On 4/24/2026 9:09 PM, Brian Foster wrote:
> On Fri, Apr 24, 2026 at 05:22:28PM +0800, Zhang Yi wrote:
>> From: Zhang Yi <yi.zhang@huawei.com>
>>
>> Test that extending a file past a non-block-aligned EOF correctly
>> zero-fills the gap [old_EOF, block_boundary), and that this zeroing
>> persists through a filesystem shutdown+remount cycle.
>>
>> Stale data beyond EOF can persist on disk when append write data blocks
>> are flushed before the on-disk file size update, or when concurrent
>> append writeback and mmap writes persist non-zero data past EOF.
>> Subsequent post-EOF operations (append write, fallocate, truncate up)
>> must zero-fill and persist the gap to prevent exposing stale data.
>>
>> The test pollutes the file's last physical block (via FIEMAP + raw
>> device write) with a sentinel pattern beyond i_size, then performs each
>> extend operation and verifies the gap is zeroed both in memory and on
>> disk.
>>
>> Signed-off-by: Zhang Yi <yi.zhang@huawei.com>
>> ---
>> v1->v2:
>>  - Add _require_no_realtime to prevent testing on XFS realtime devices,
>>    where file data may reside on $SCRATCH_RTDEV.
>>  - Add _exclude_fs btrfs since FIEMAP returns logical addresses, not
>>    physical device offsets, writing to these offsets on $SCRATCH_DEV
>>    would corrupt the filesystem in multi-device setups.
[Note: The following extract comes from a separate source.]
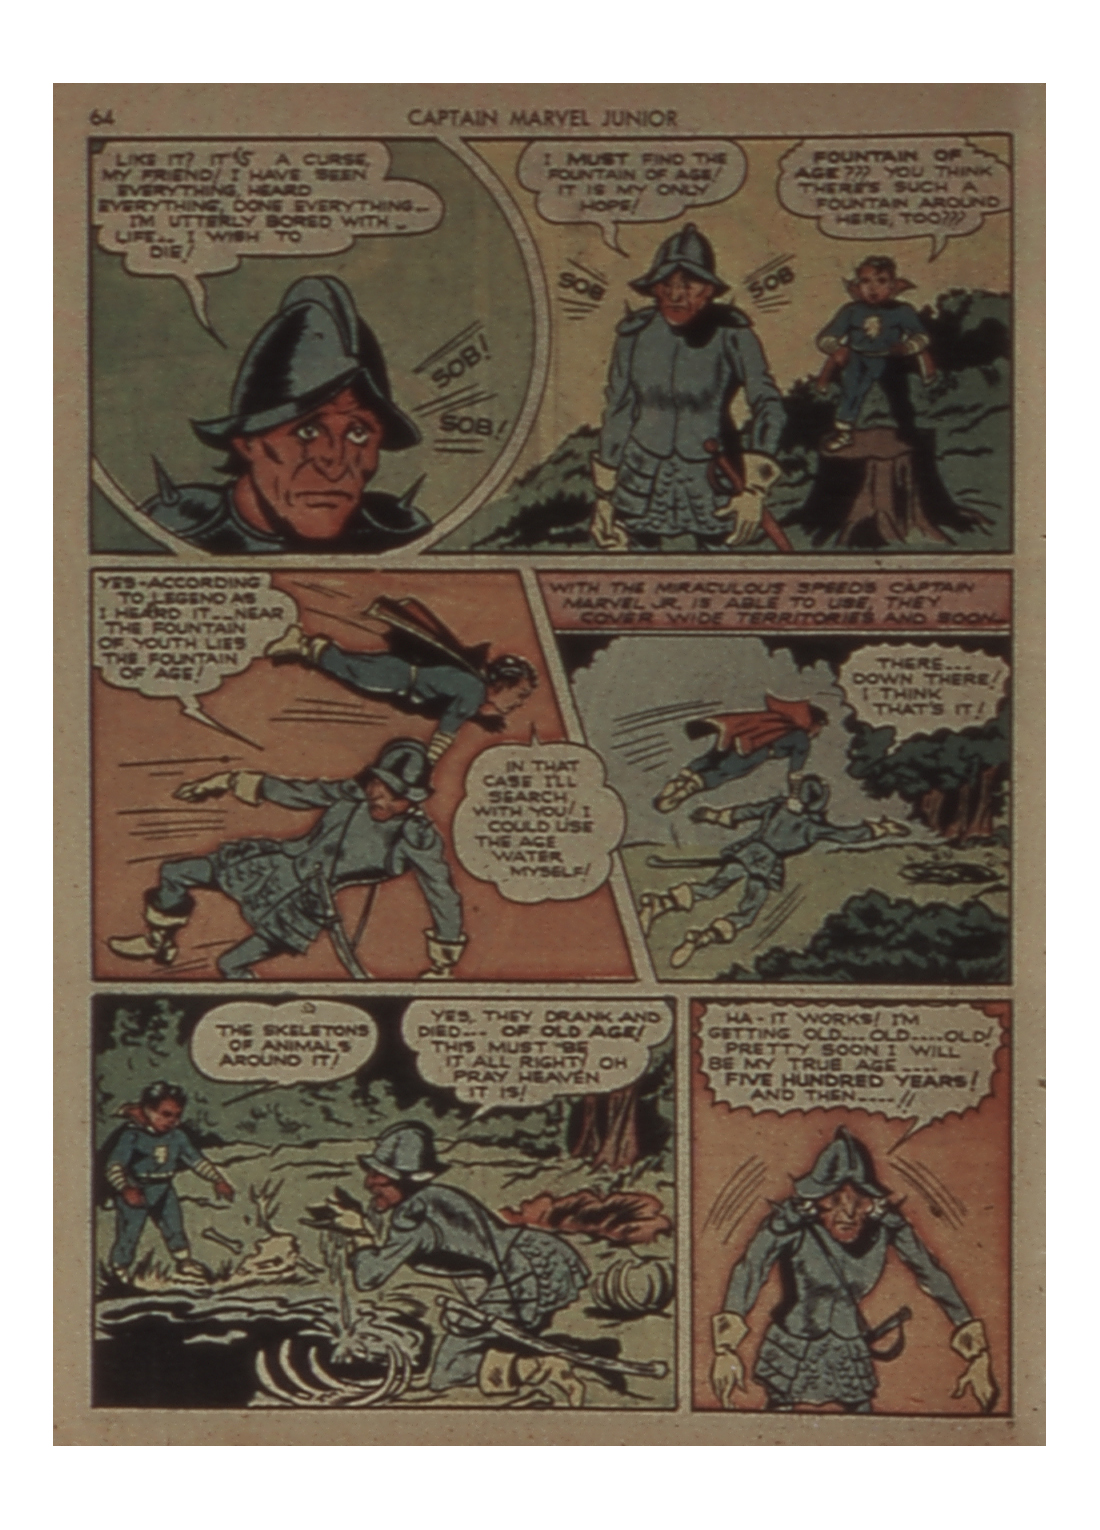 Read online Captain Marvel, Jr. comic -  Issue #5 - 64
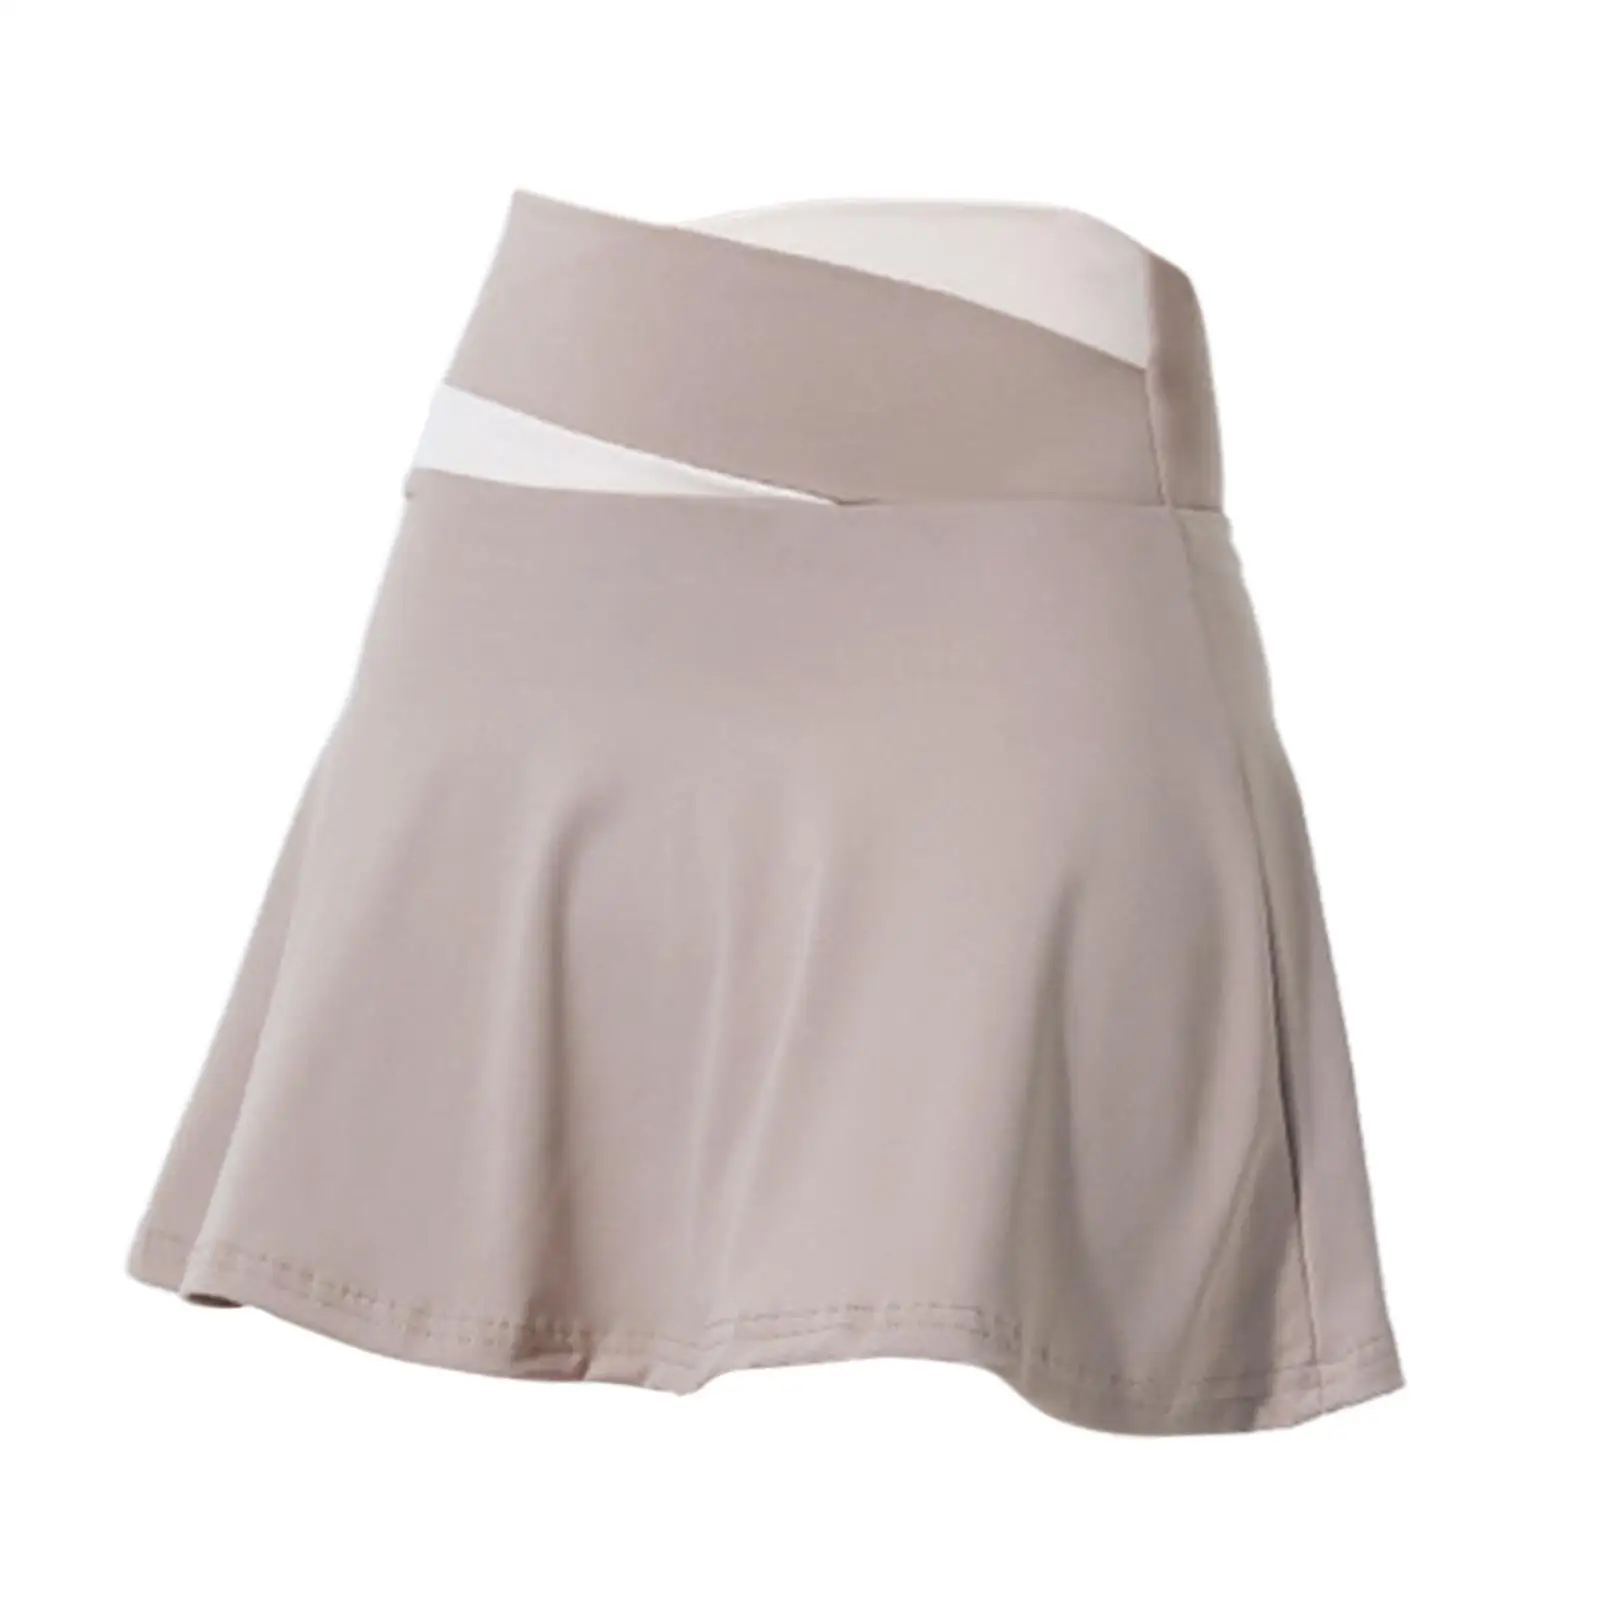 Tennis Skirt Short Skirts Mini Skirt Lightweight Clothing Athletic Ladies Soft Badminton Skirt for Golf Sport Workout

Besides, since
>>    btrfs doesn't support shutdown right now, we can support it later.
>>  - Add -v flag to od in _check_gap_zero() to prevent line folding of
>>    identical consecutive lines.
>>  - Add expected_new_sz parameter to _test_eof_zeroing(), verify file
>>    size was not rolled back after shutdown+remount cycle, and also drop
>>    the unnecessary file size check before the shutdown as well.
>>  - Clarify the comment regarding when stale data beyond EOF can persist.
>>
> 
> Thanks for the tweaks. This all LGTM from a review standpoint. I gave it
> a quick test on latest master and I see a few failures in a couple runs:
> 
> - On XFS (mkfs defaults) I saw one unexpected i_size failure and one
>   zeroing failure, both on write extension fwiw.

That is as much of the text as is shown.